The amended pleading and subsequent round of briefing on demurrer does little to affect this court’s prior ruling. Palmdale relies on the case E. L. White, Inc. v. City of Huntington Beach (1978) 21 Cal.3d 497, 507–509, in which the court held that an indemnification clause, which required an indemnitor to reimburse a designated indemnitee, did not foreclose an equitable indemnification claim by the contractual indemnitor against the indemnitee, who otherwise could hope for no indemnification under the contract, where the indemnitee’s active negligence had been previously established by binding judicial decisions. The court stated that where “the duty established by contract is by the terms and conditions of its creation inapplicable to the particular factual setting before the court, the equitable principles of implied indemnity may indeed come into play.” (Id. at p. 508.) The court otherwise recognized that “when parties by express contractual provision establish a duty in one party to indemnify another, the extent of that duty must be determined from the contract and not from the independent doctrine of equitable indemnity.” (Id. at p. 508, internal quotation marks omitted.)

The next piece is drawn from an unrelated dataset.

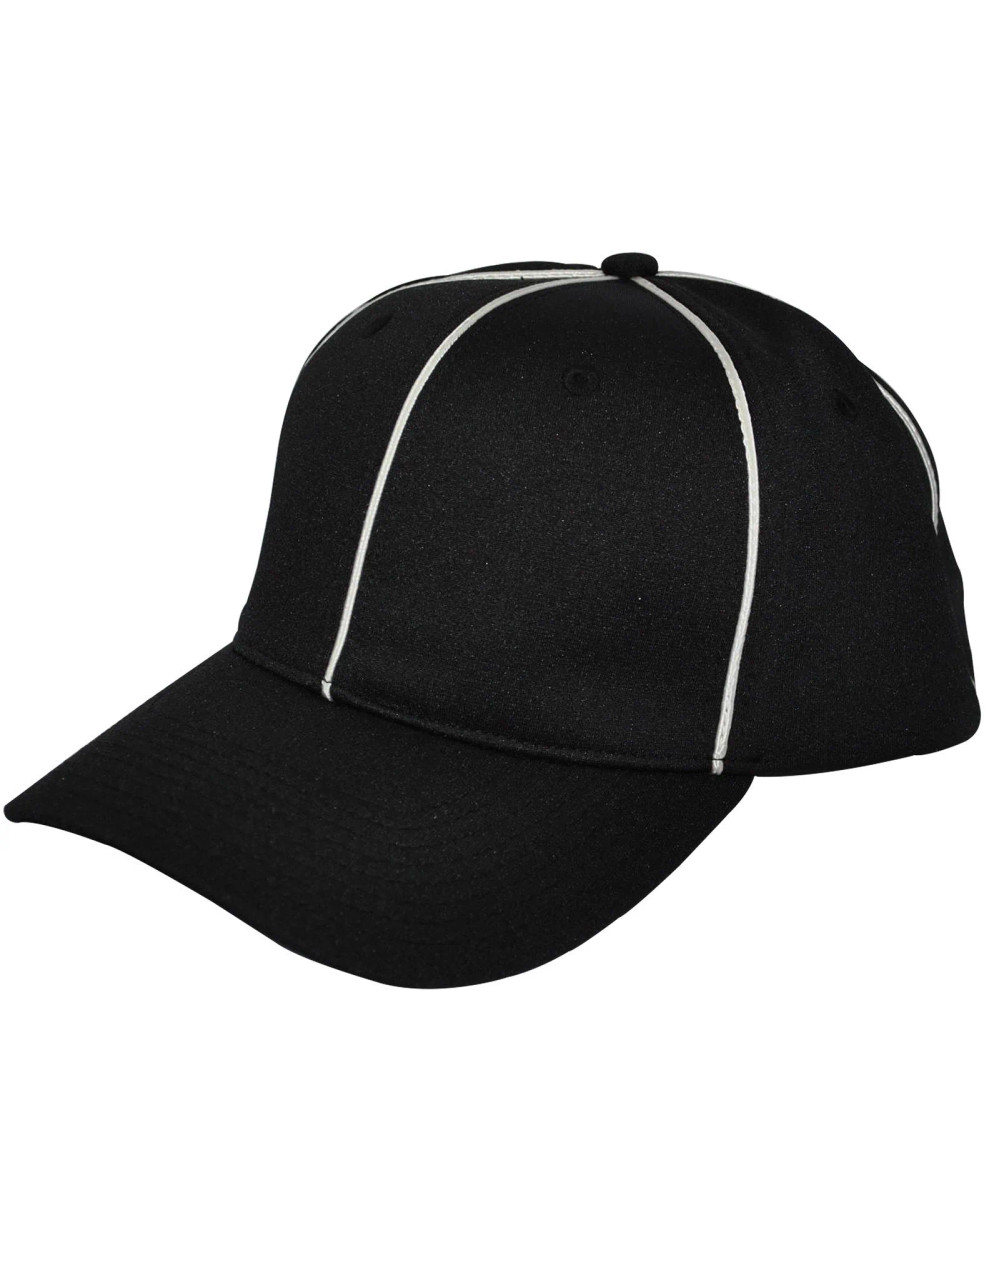 Piping White Black Smitty Official Hat Flex - w/ Fit Products Football Get

Here, Palmdale is a contractual indemnitee under the Final Conditions of Approval, who hopes to obtain compensation from Plaintiffs by virtue of language requiring them to “hold harmless the City of Palmdale” under specified circumstances. (FAXC ¶ 28.) “Where, as here, the parties have expressly contracted with respect to the duty to indemnify, the extent of that duty must be determined from the contract and not by reliance on the independent doctrine of equitable indemnity. (Rossmoor Sanitation, Inc. v. Pylon, Inc. (1975) 13 Cal.3d 622, 628.)

Accordingly, the demurrer is SUSTAINED to the second cause of action without leave to amend.